Oh, now… Aren’t you tired of fighting against this beast we call “Religion”?  Really.  That gratuitous fight is so five minutes ago.  We know better than to need to compartmentalize Love, Source, Peace, Oneness.  For God’s sake, people, get over it.  I say this to those of you who are getting hung up on a saint being a title affiliated with busted-assed churches… You know who you are~ those of you who make a modest career out of being sure to assert that you are “Spiritual”, NOT “Religious”.  (And if you ask me, those busted-assed churches are totally awesome, as long as a seeker enters with the pure intention of communing with the One, opening their heart.  Who bloody cares what name we give It?!?!)  According to dictionary dot com, one definition of saint, the one that I am referring to, is:

“A person of great holiness, virtue, or benevolence”.

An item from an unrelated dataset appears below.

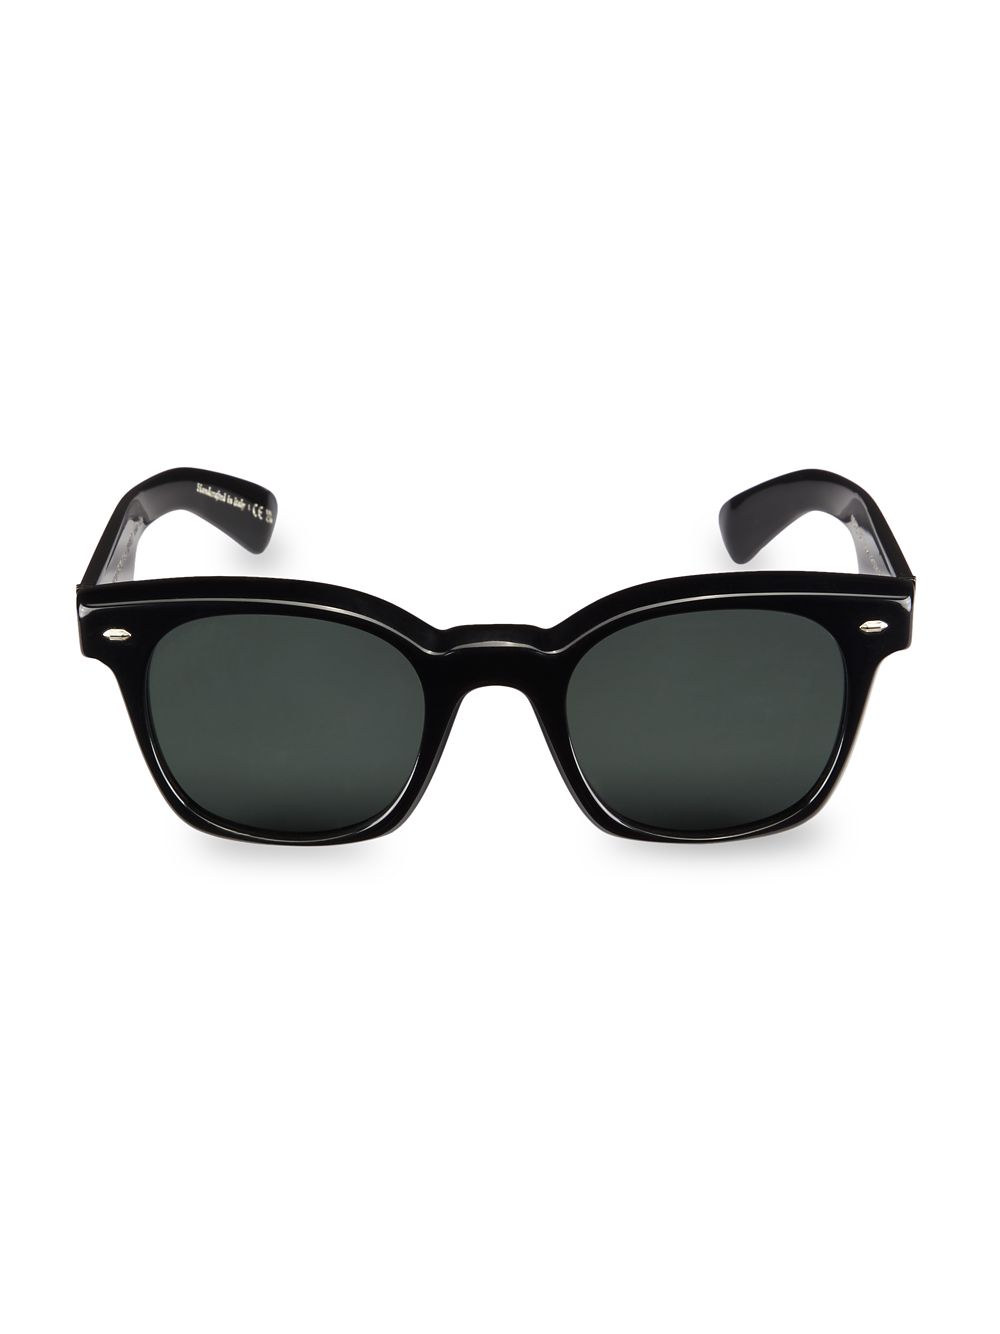 Прямоугольные солнцезащитные очки Merceaux 50 мм Oliver Peoples, черный

So it’s not a very far fetched idea to consider that we are all here co-participating in this dream with a shared core intention of realizing our intrinsic holiness, right?  Maybe it doesn’t always SEEM that way, but honestly!  Where has seeming ever gotten us in the first place?  Pretty far from Home.  And most of us *seem* to want to imagine that we are far from home… so power to us.  Power to this multiplicity of saints in training!  Rumor has it that time is just a figment of this same fractured imagination who has invented the wacky myriad of fantastical carrots, so take as much time as you please, Your Holiness.